→ Data extract
----------

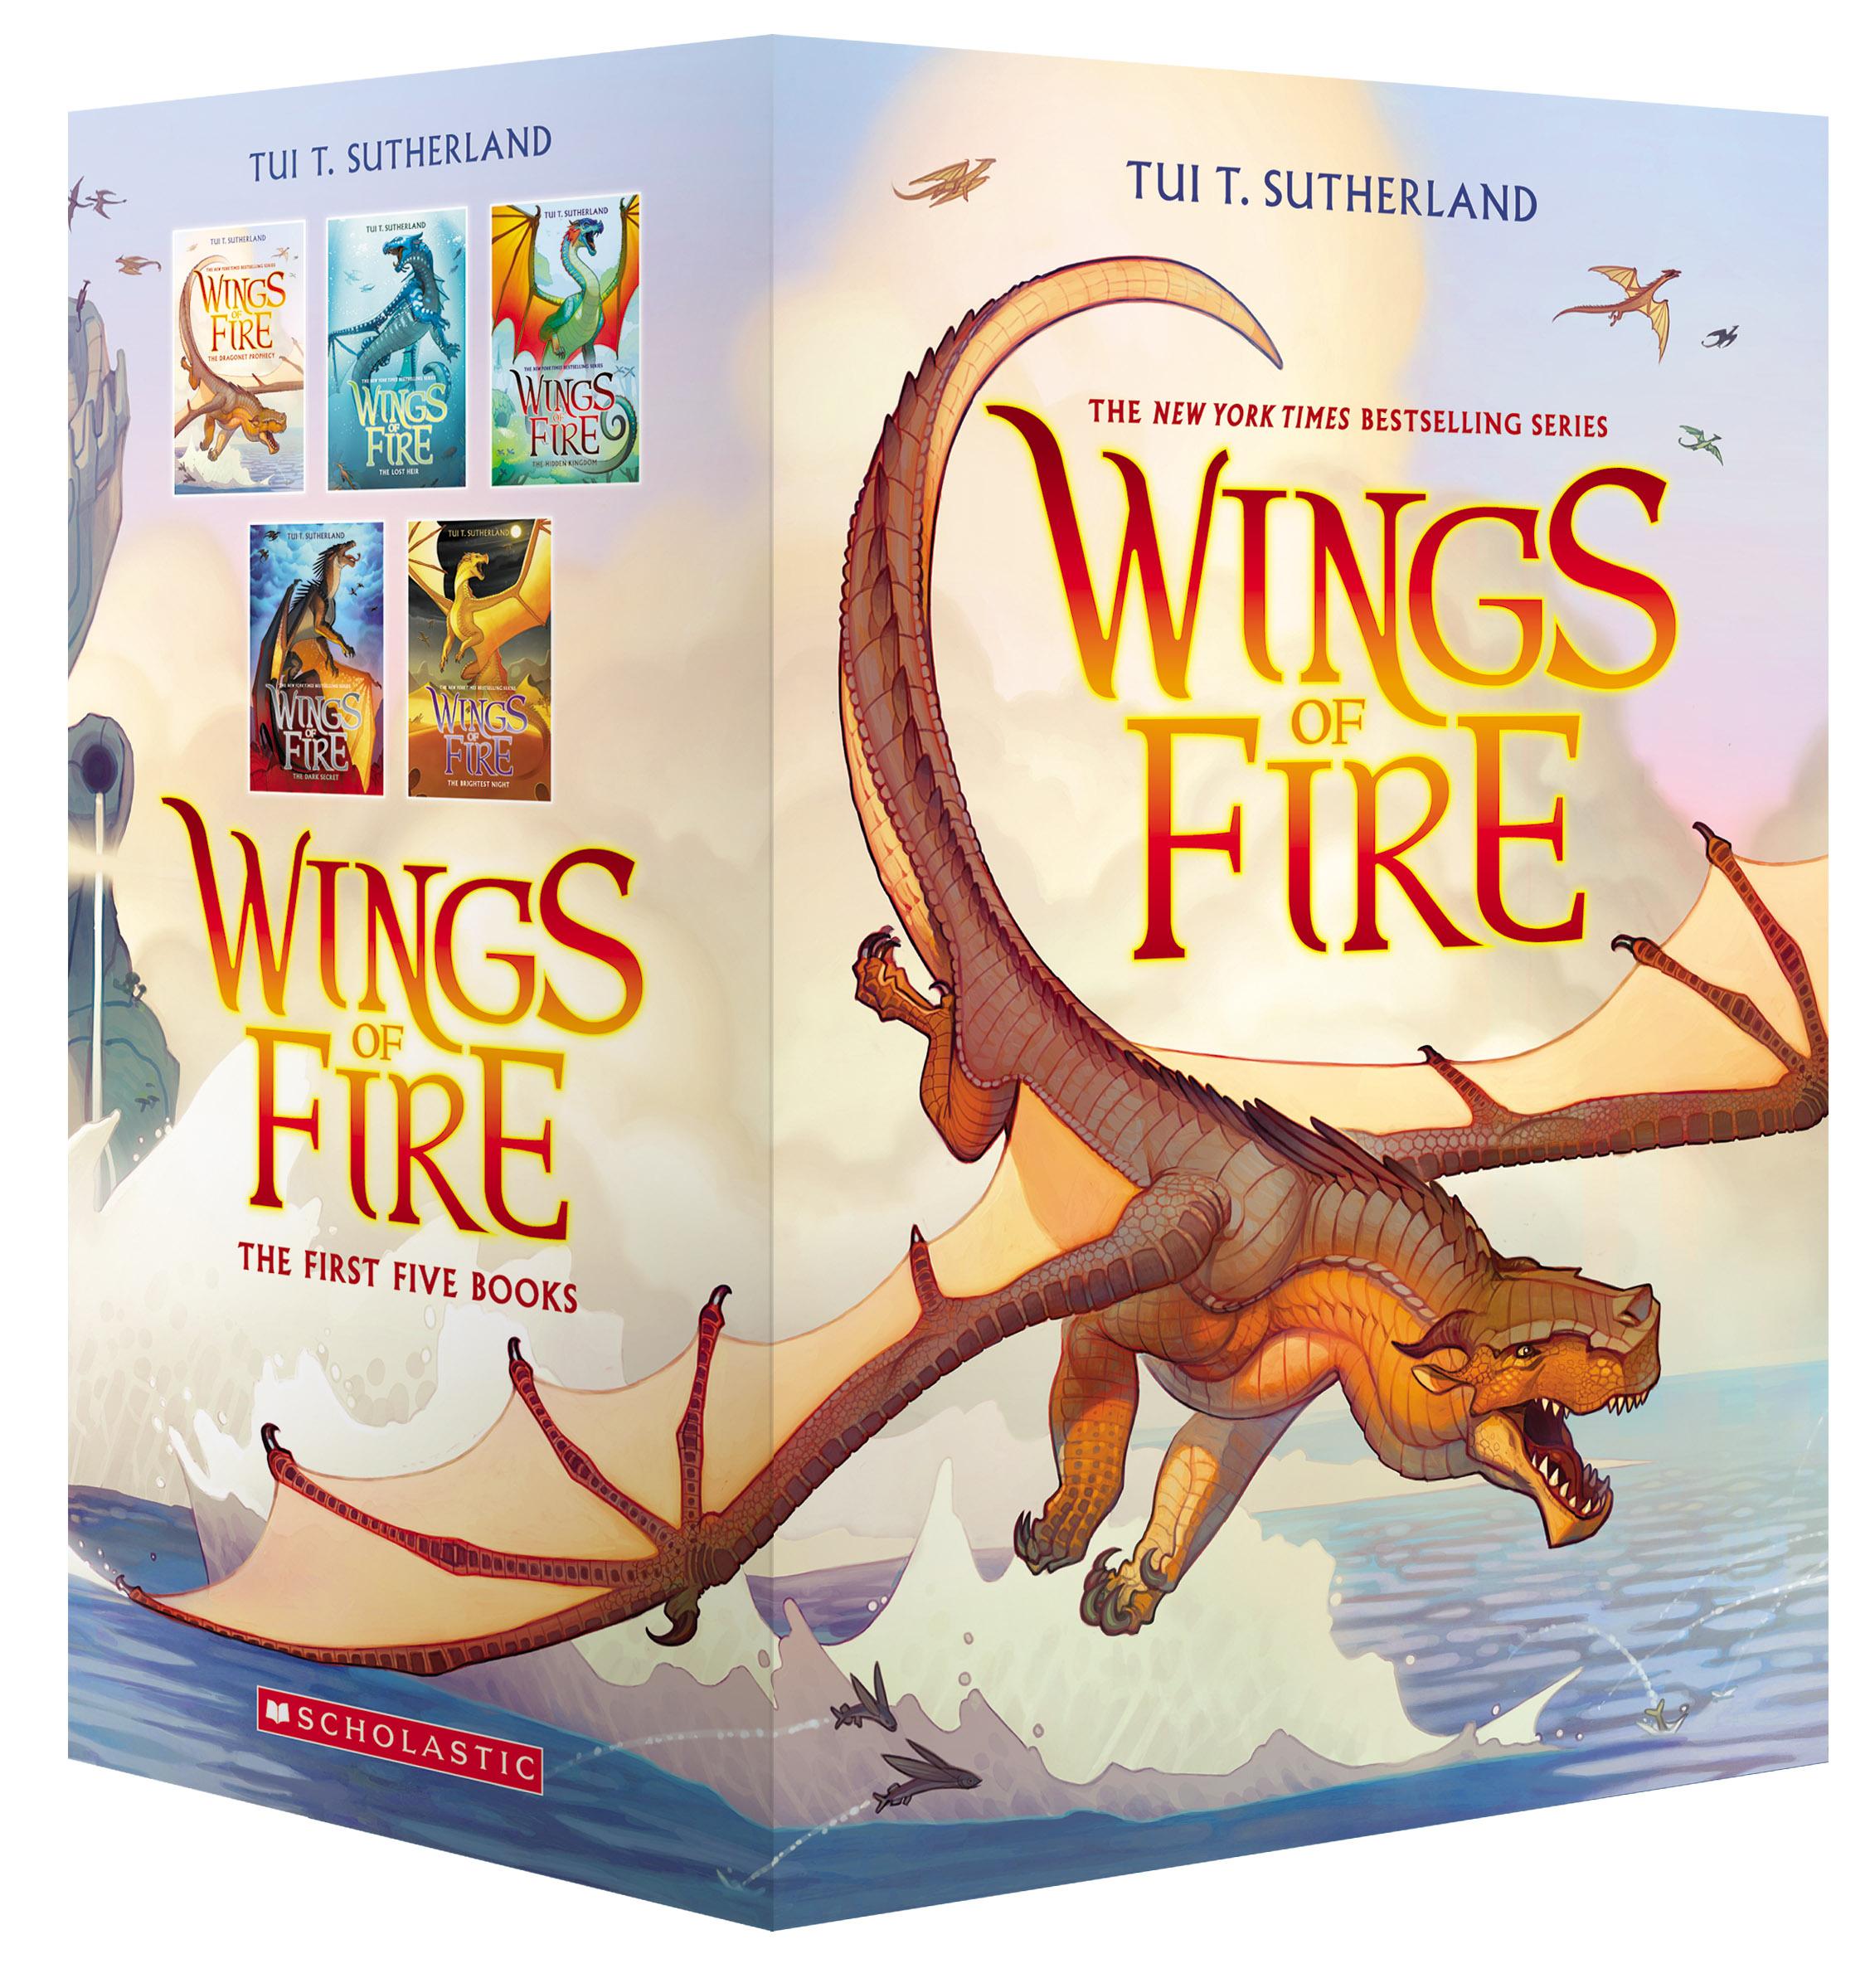 Wings Of Fire Boxset (Books 1 - 5)
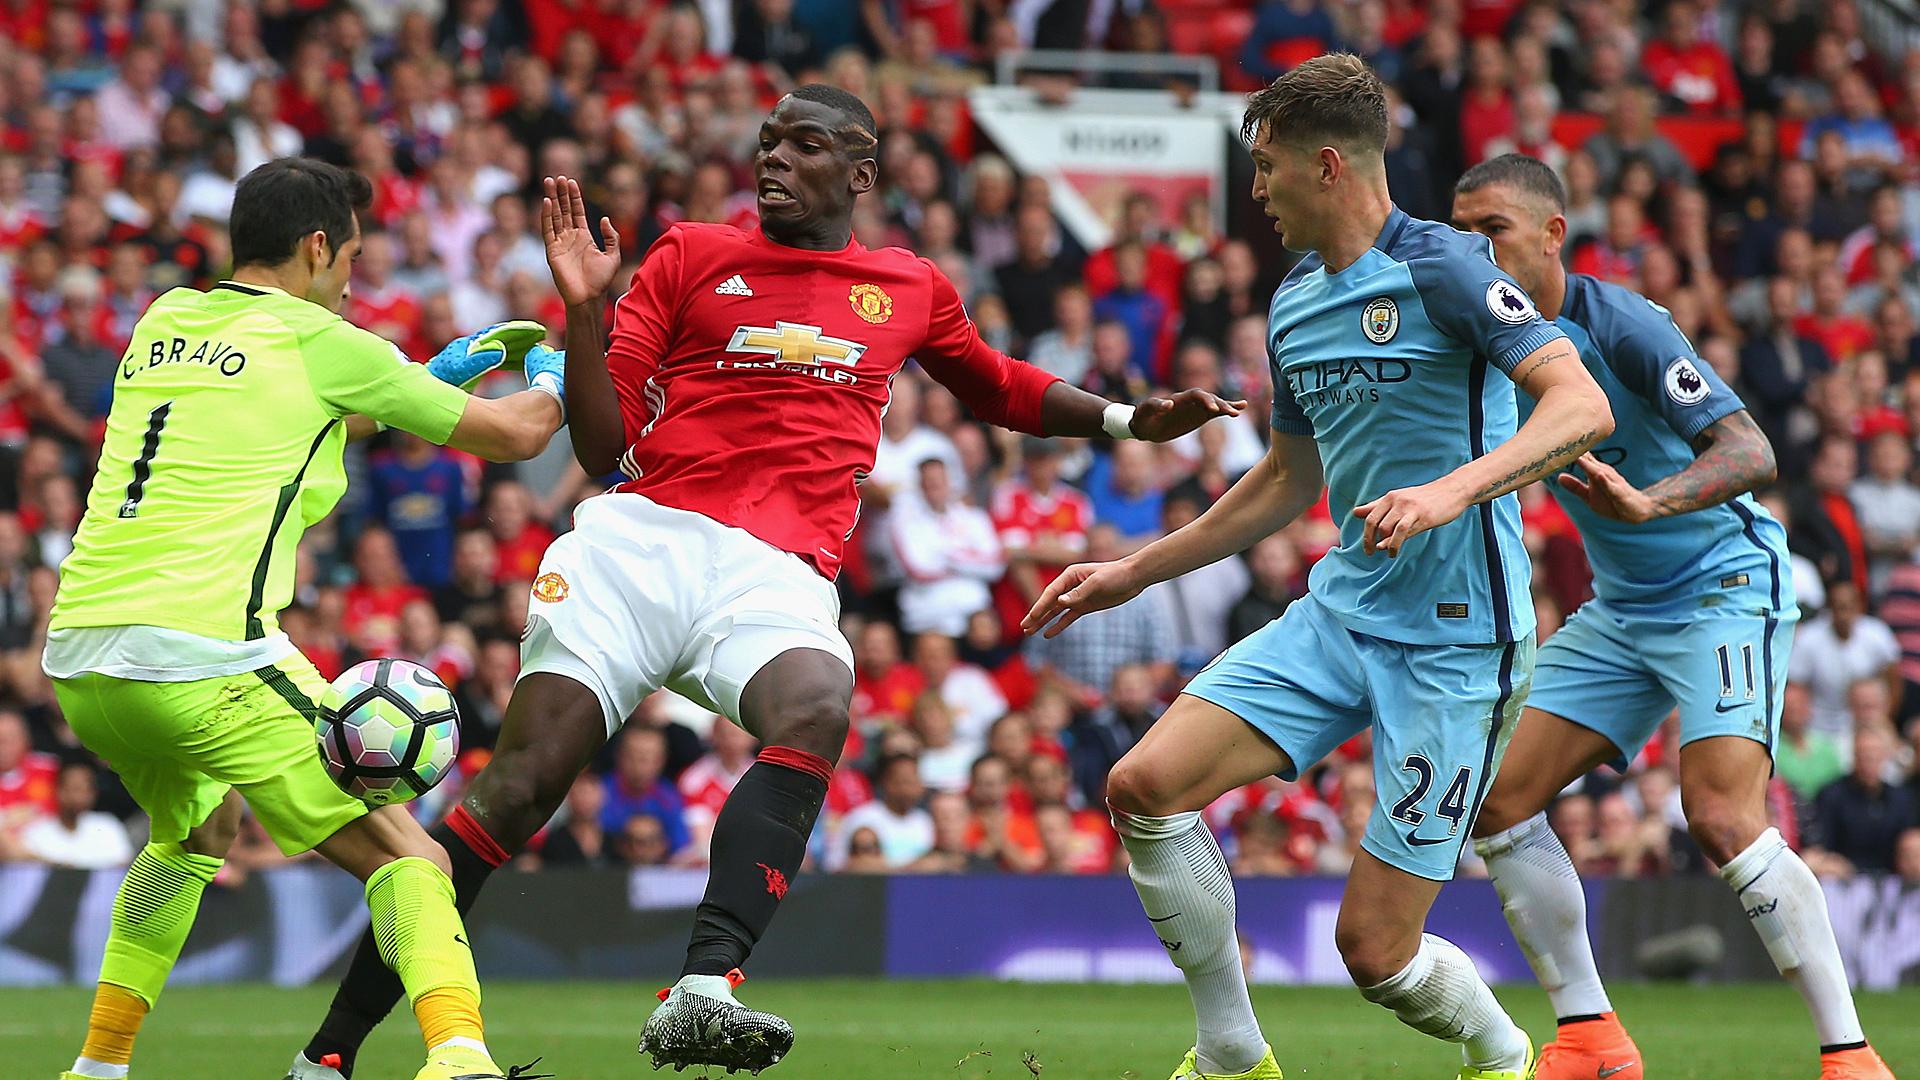 Manchester United Manchester City Paul Pogba Claudio Bravo 10262016
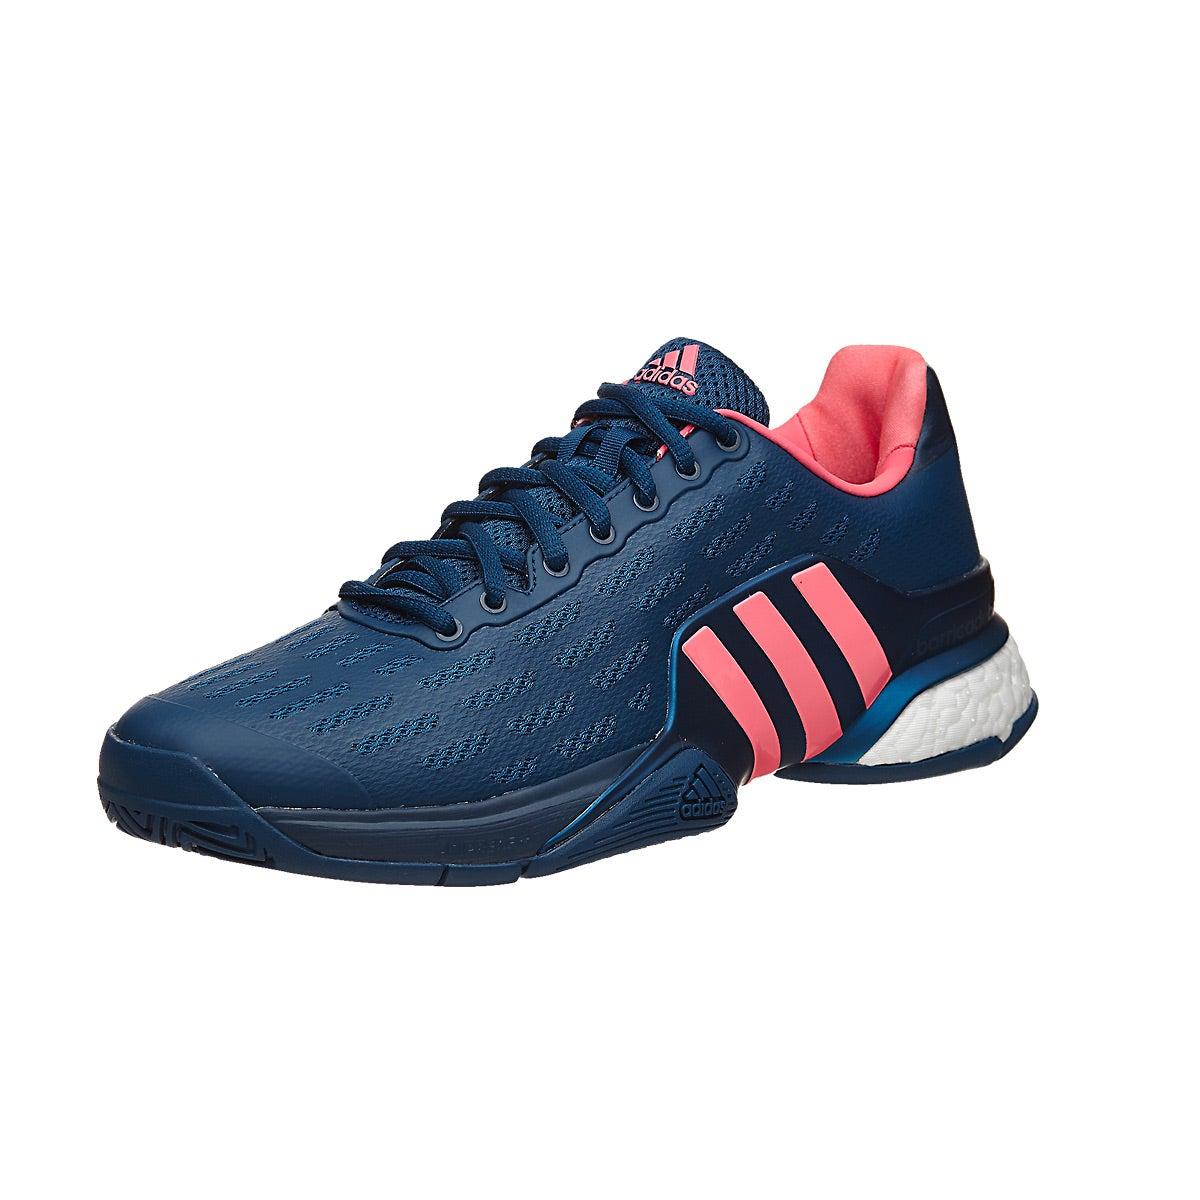 adidas barricade 2016 boost navy pink mens shoe

----------

→ Work to complete
Every line above should be copied exactly; do not carry over the pictures.

→ Response to this exercise
 Wings Of Fire Boxset (Books 1 - 5)
 Manchester United Manchester City Paul Pogba Claudio Bravo 10262016
 adidas barricade 2016 boost navy pink mens shoe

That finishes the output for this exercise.